Overview of Rentzeperis D et al.

AuthorsRentzeperis D  Kharakoz DP  Marky LA  
AffiliationDepartment of Chemistry   New York University   New York 10003.  
JournalBiochemistry
Year 1991

Abstract


In an effort to evaluate the relative contributions of sequence, ion binding, and hydration to the thermodynamic stability of nucleic acids, we have investigated the melting behavior of a double hairpin and that of its component single hairpins.
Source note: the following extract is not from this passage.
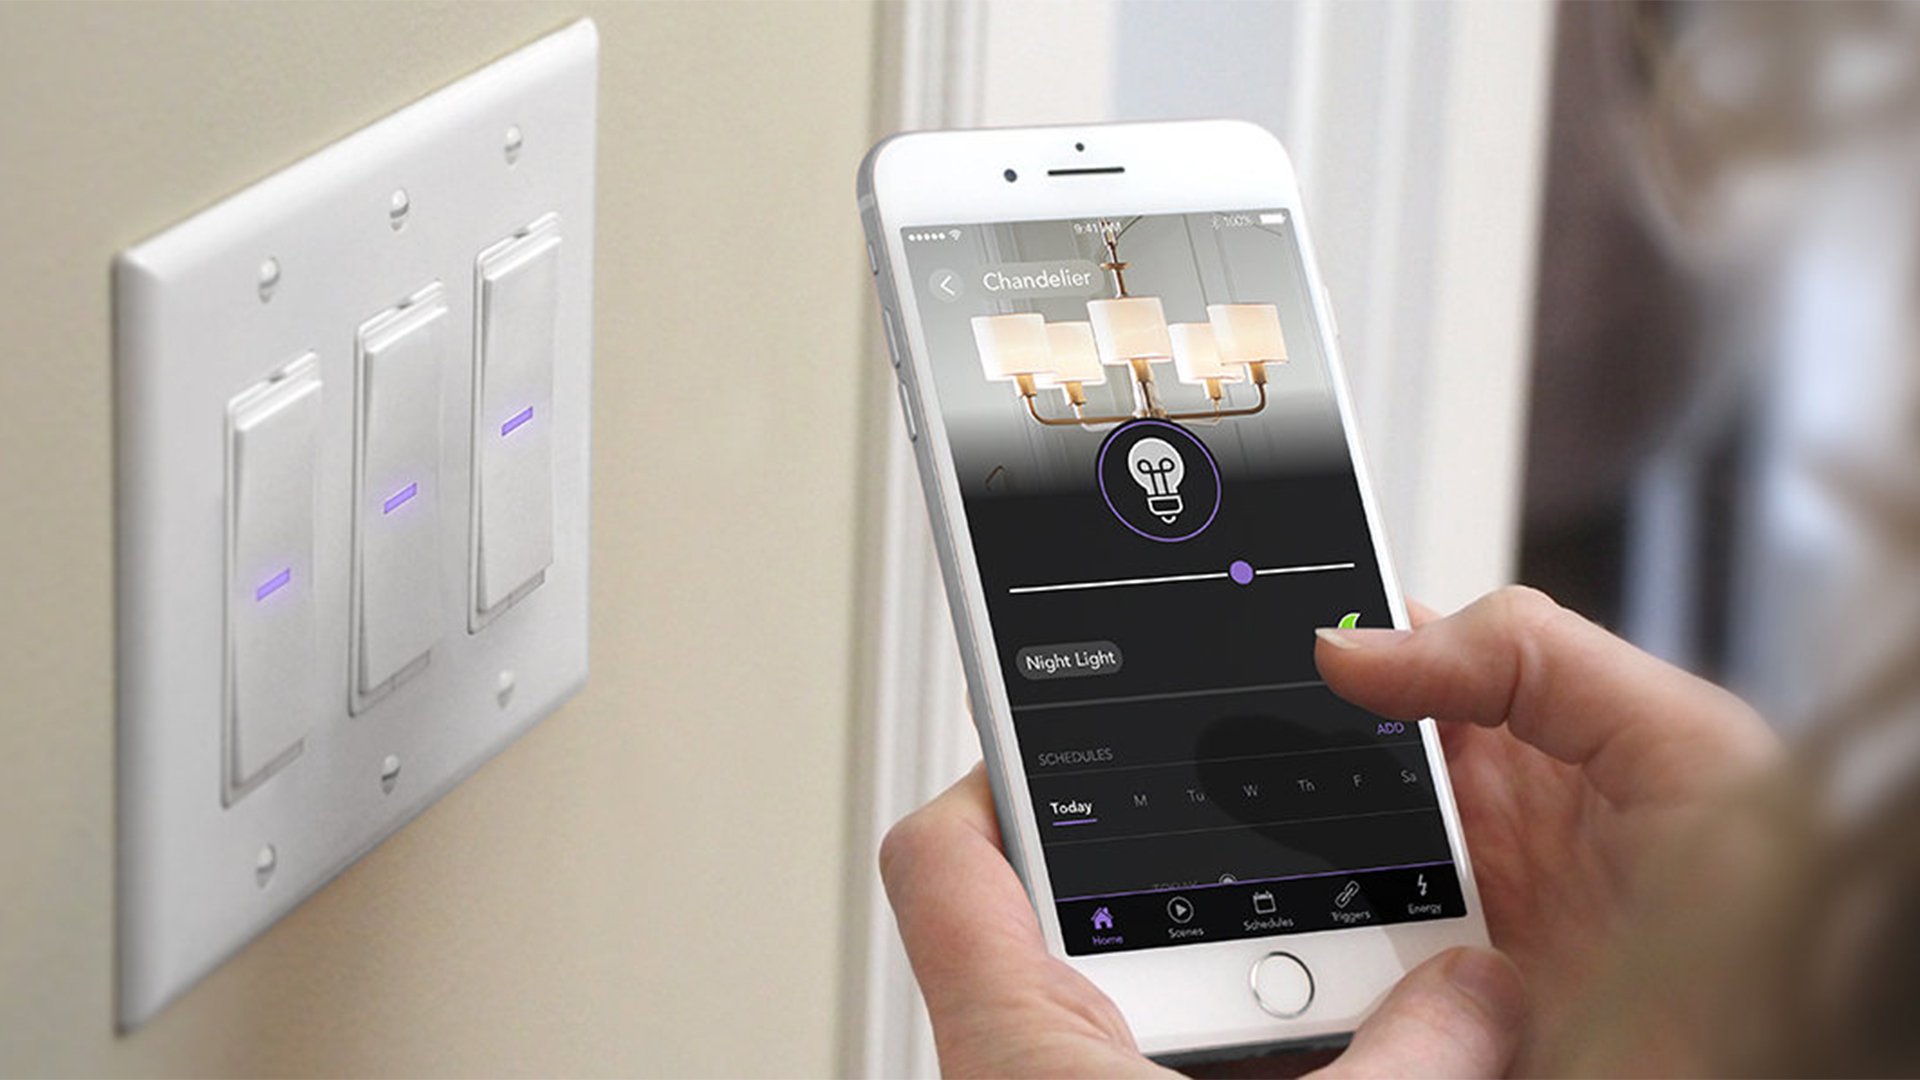 iDevices smart home automation products now available directly from Hubbell sales partners

Temperature-dependent UV absorption and differential scanning calorimetry techniques have been used to characterize the helix-coil transitions of three deoxyoligonucleotides: d(GTACT5GTAC), d(GCGCT5GCGC), and d(GCGCT5GCGCGTACT5GTAC). The first two oligomers melt with transition temperatures equal to 28 and 69 degrees C, respectively, in 10 mM dibasic sodium phosphate at pH 7.0. The Tm's are independent of strand concentration, strongly indicating the presence of single-stranded hairpin structures at low temperatures. The third oligomer, with a sequence corresponding to the joined sequences of the first two oligomers, melts with two apparently independent monomolecular transitions with Tm's of 41 and 69 degrees C. These transitions correspond to the melting of a double hairpin. In the salt range of 10-100 mM in NaCl, we obtain average enthalpies of 24 and 38 kcal/mol for the transitions in the single-hairpin molecules. Each transition in the double hairpin has an enthalpy of 32 kcal/mol. In addition, dtm/d log [Na+] for the transitions are 4.1 and 4.7 degrees C for the single hairpins and 12.6 and 11.2 degrees C for each transition in the double hairpin. The differential ion binding parameter between the double hairpin and that of the sum of single hairpins is roughly equal to 1.1 mol of Na+ ions/mol of double hairpin and is consistent with an increase in the electrostatic behavior of the stem phosphates of this molecule.